Produce a word-for-word copy of the lines from the one that contains "Steamed sea bass fillet" to the final line of the data below, with all pictures dropped.

GIVEN MATERIAL:
☆ ☆ ☆ ☆ ☆ ☆ ☆

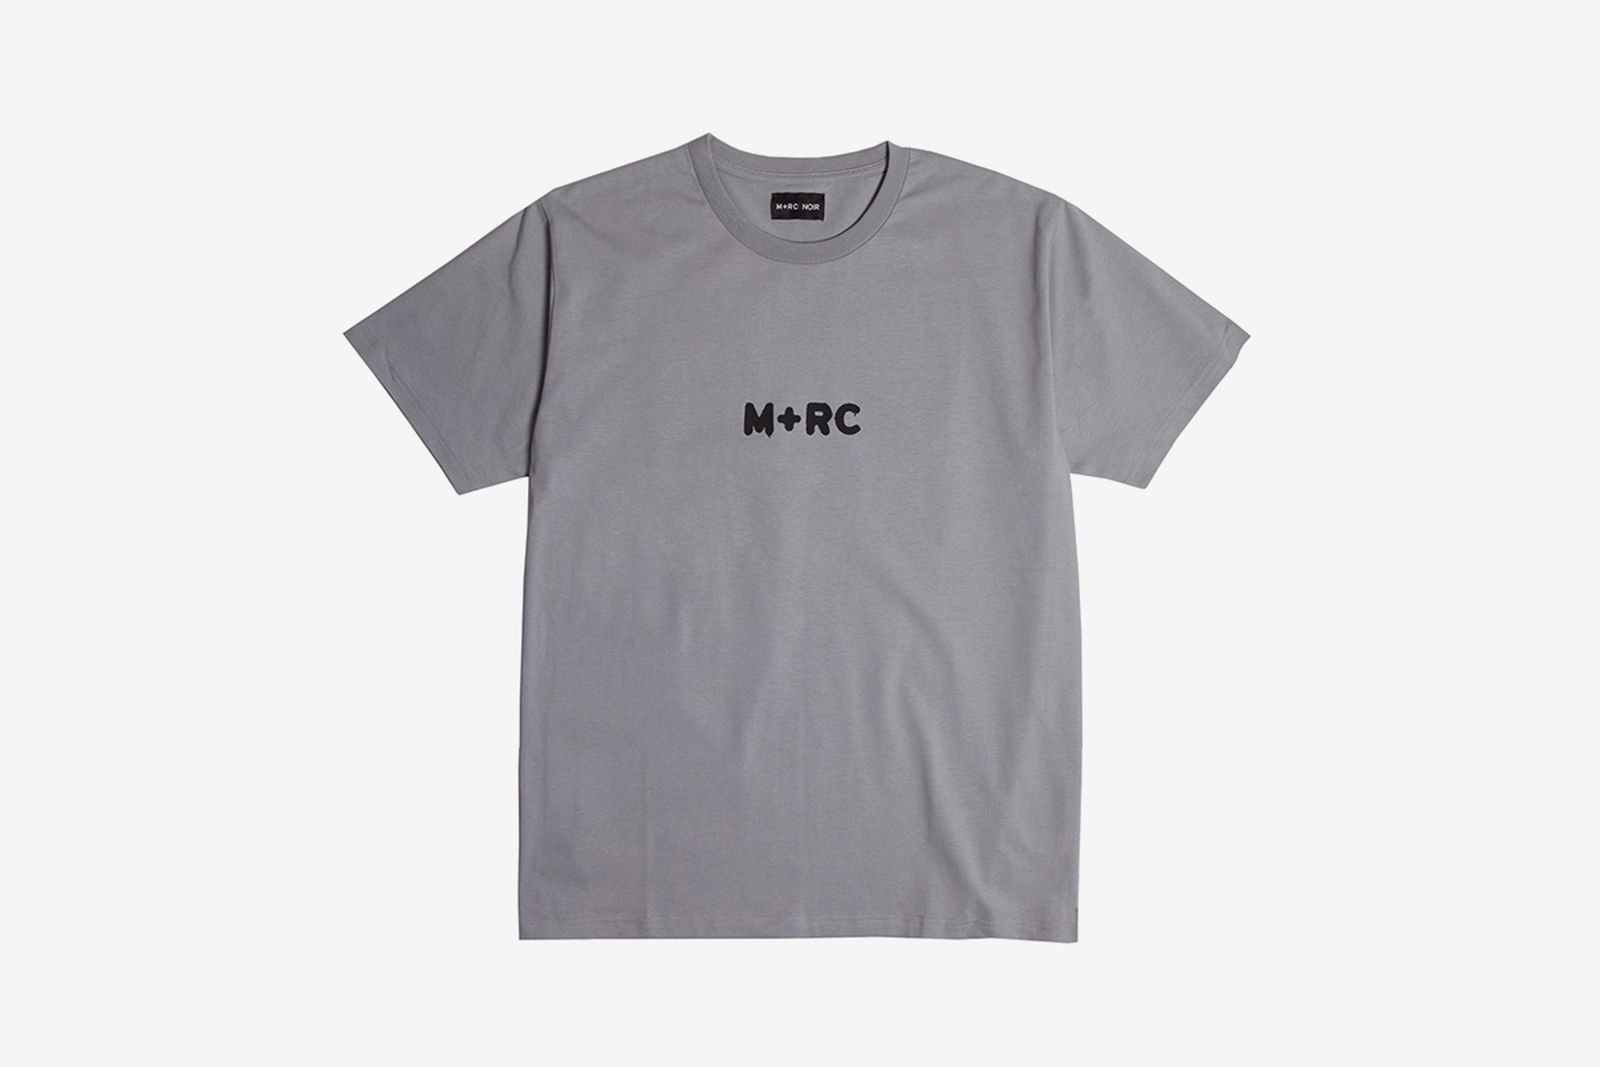 tee shirt big m grey front M RC 2048x2048 M+RC NOIR SS18 playboi carti
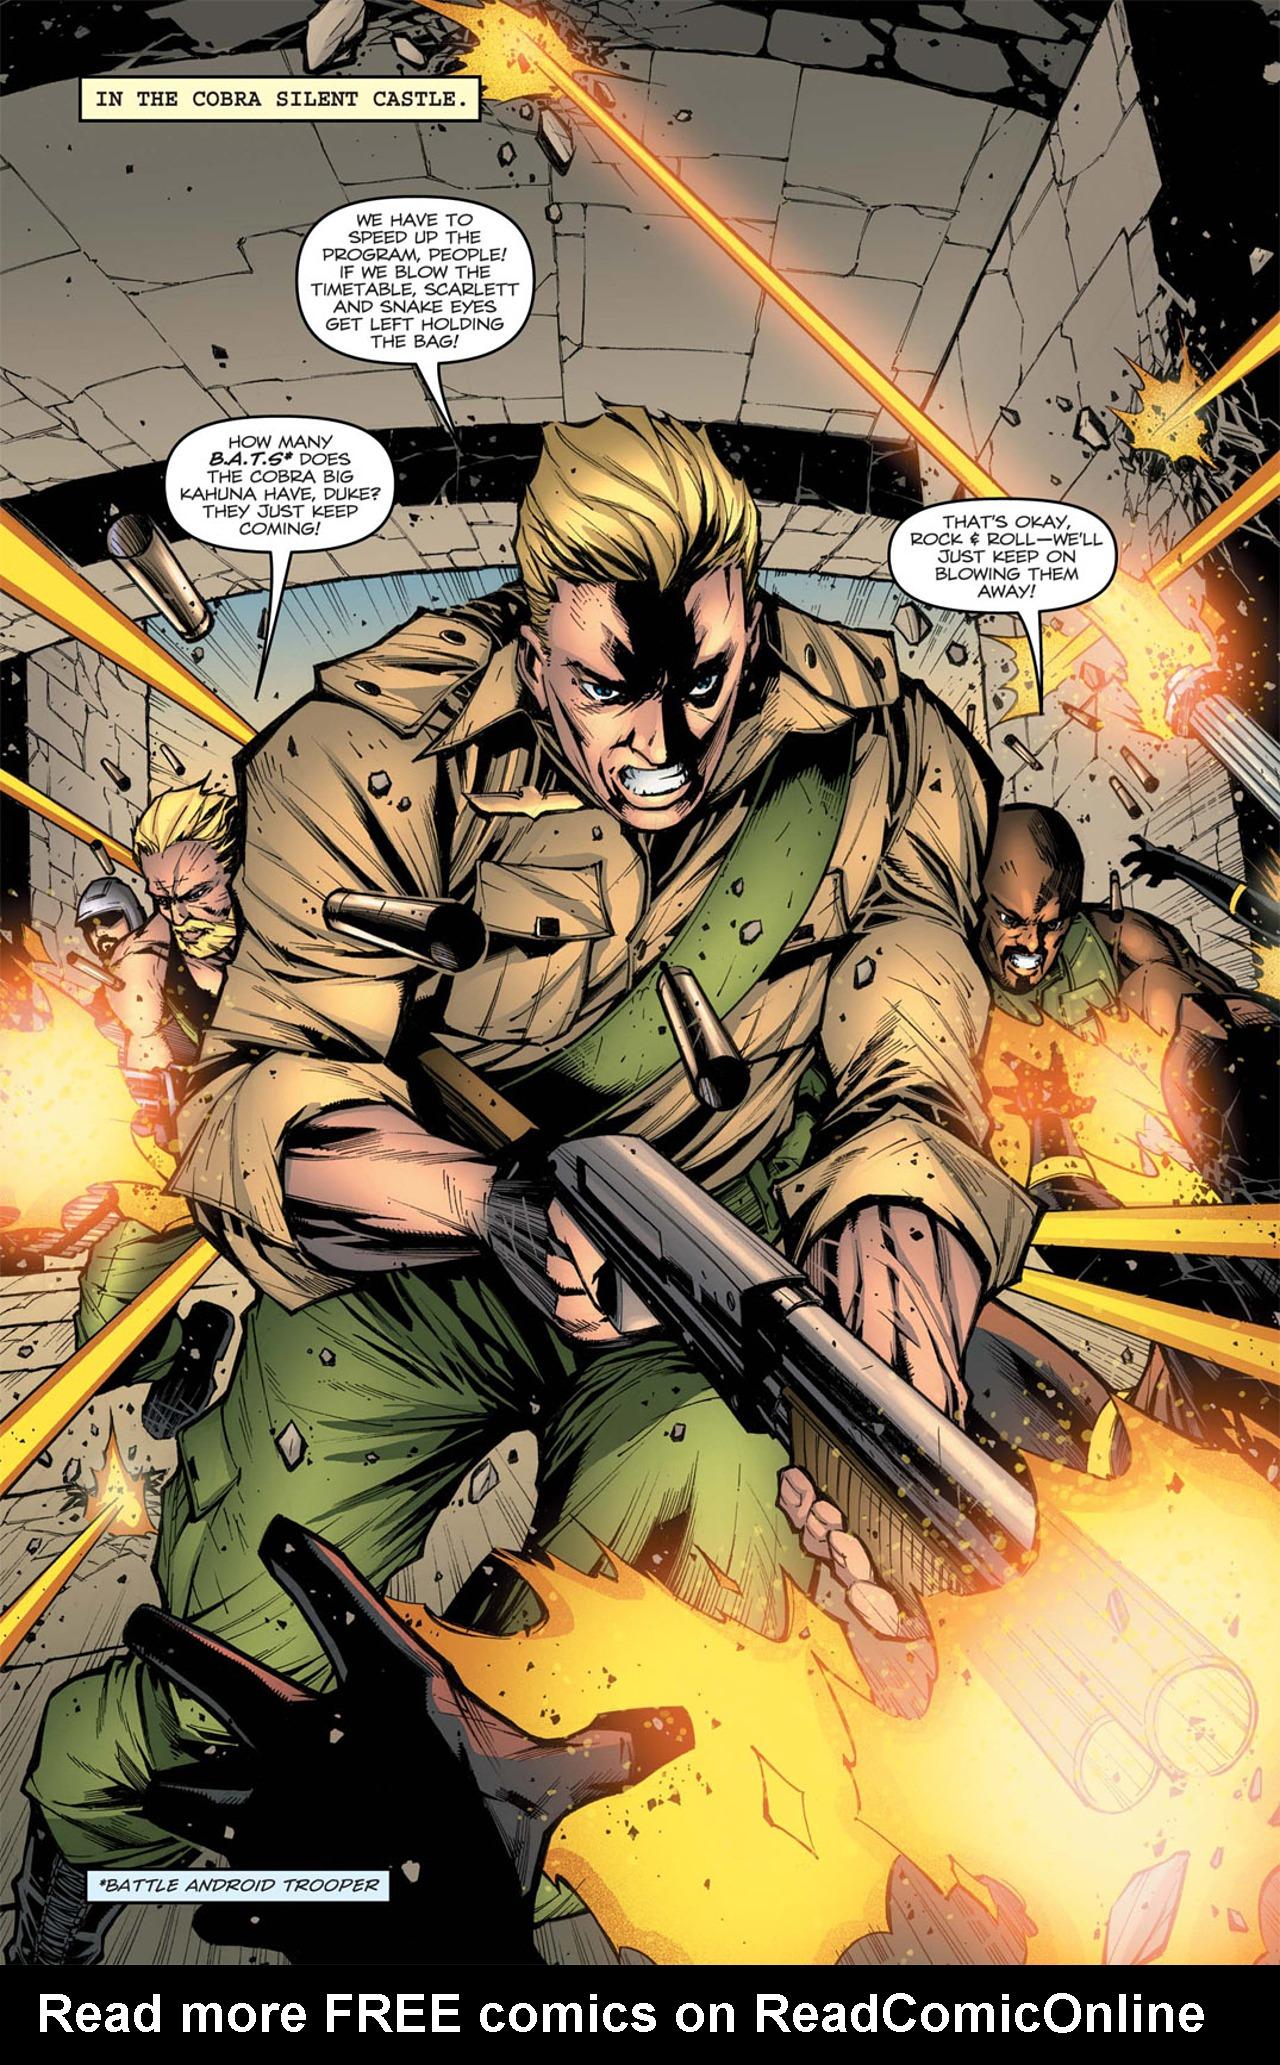 G.I. Joe: A Real American Hero 159 Page 4
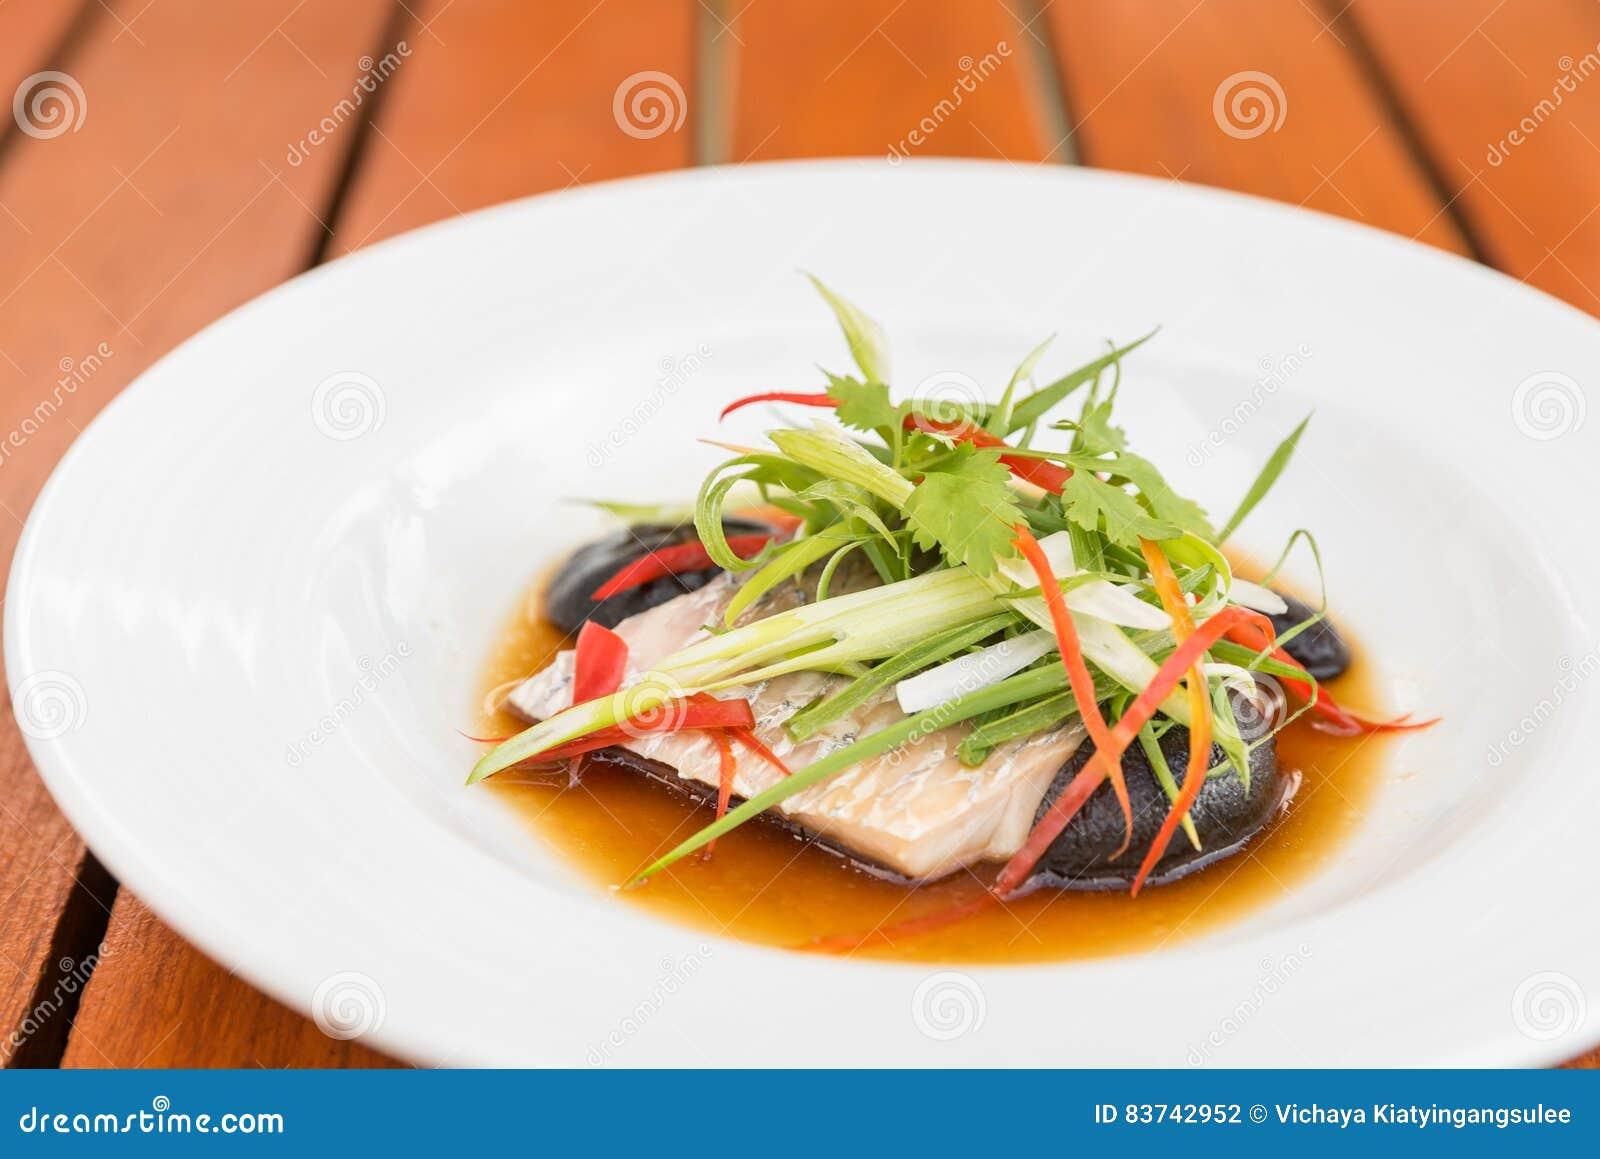 Steamed sea bass fillet
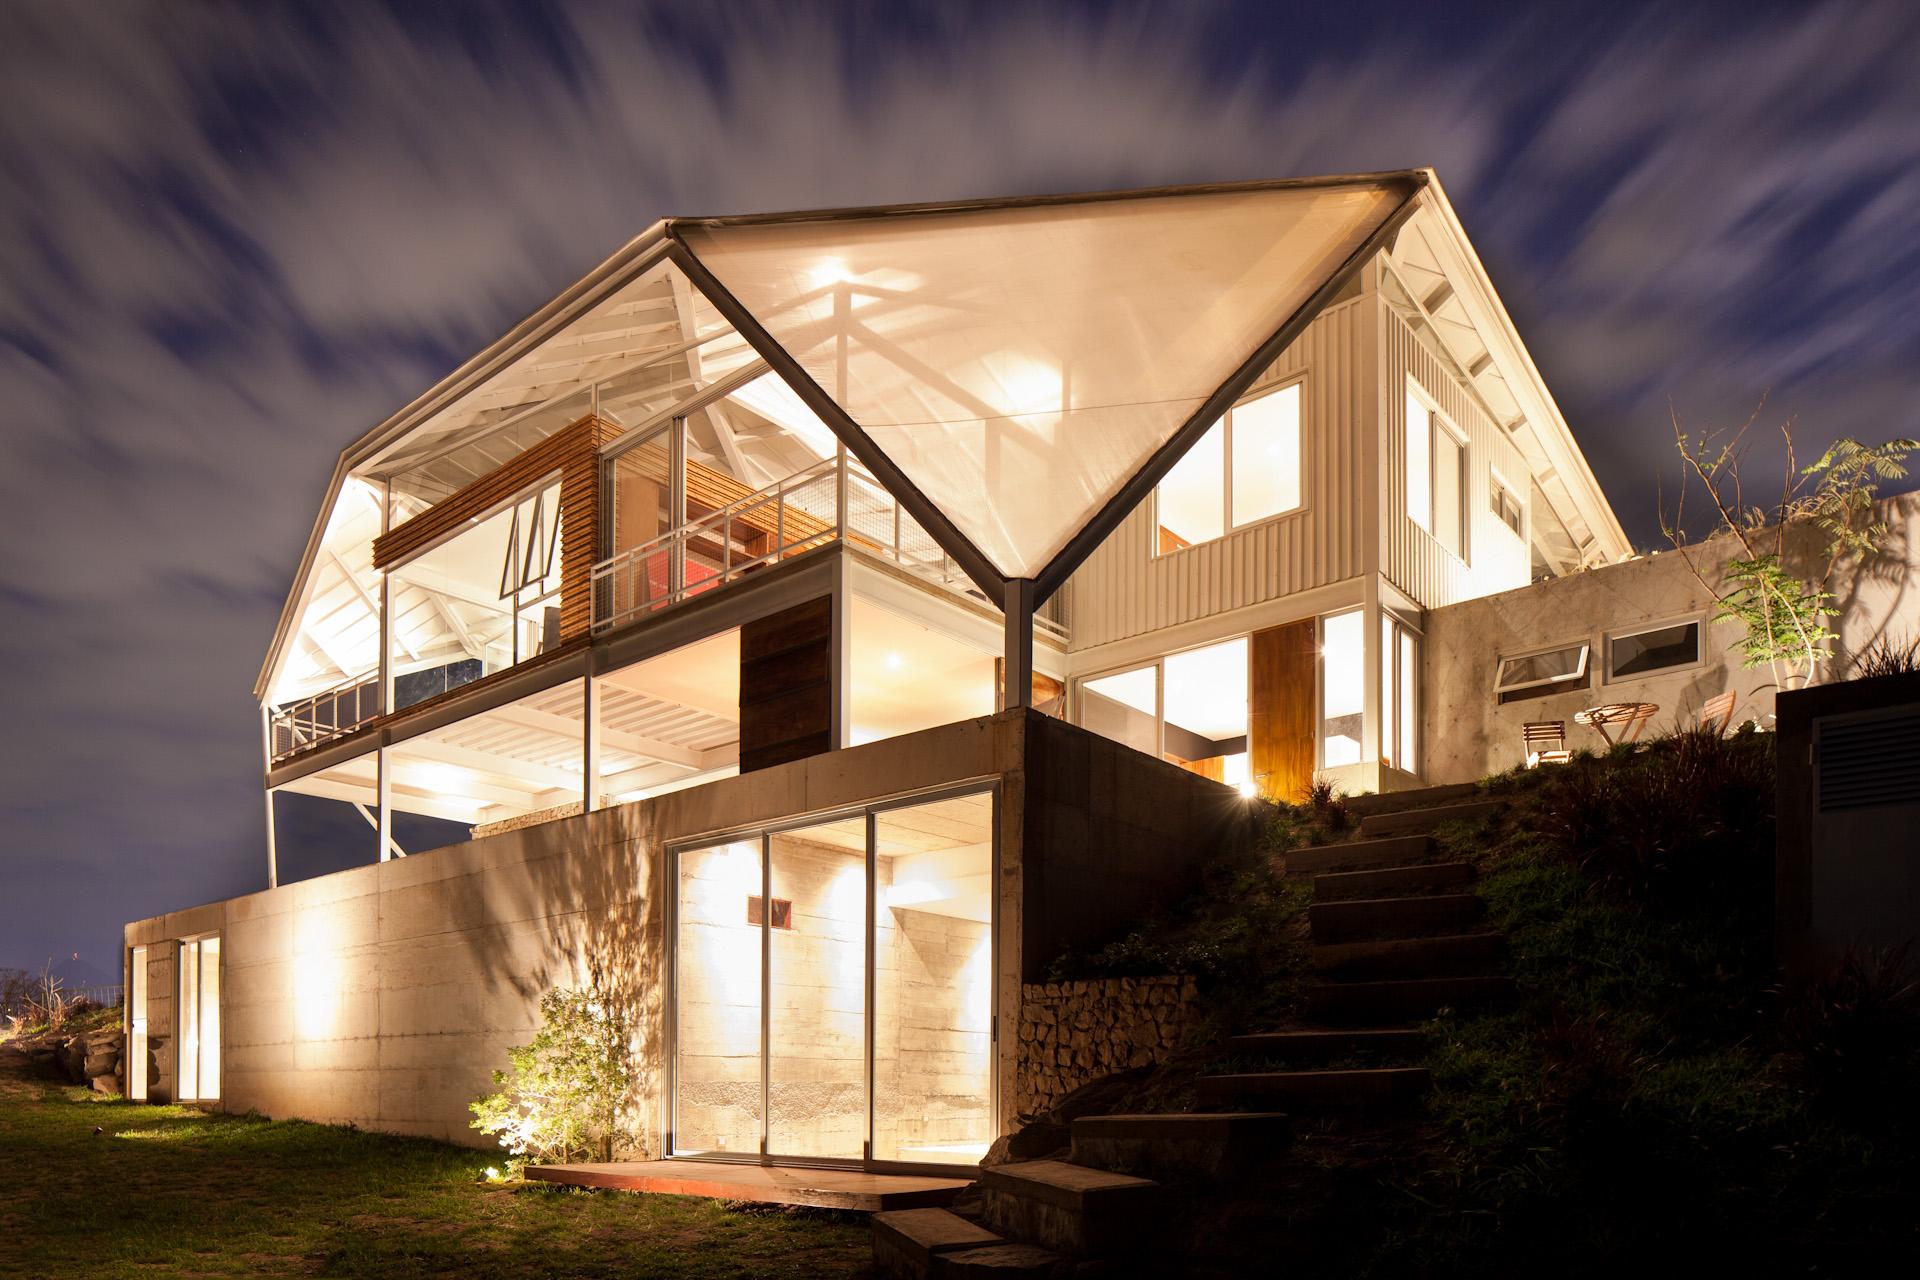 Architecture-Modern-La-Piscucha-El-Salvador-Dwell-Night-16.JPG

☆ ☆ ☆ ☆ ☆ ☆ ☆

EXERCISE SOLUTION:
 Steamed sea bass fillet
 Architecture-Modern-La-Piscucha-El-Salvador-Dwell-Night-16.JPG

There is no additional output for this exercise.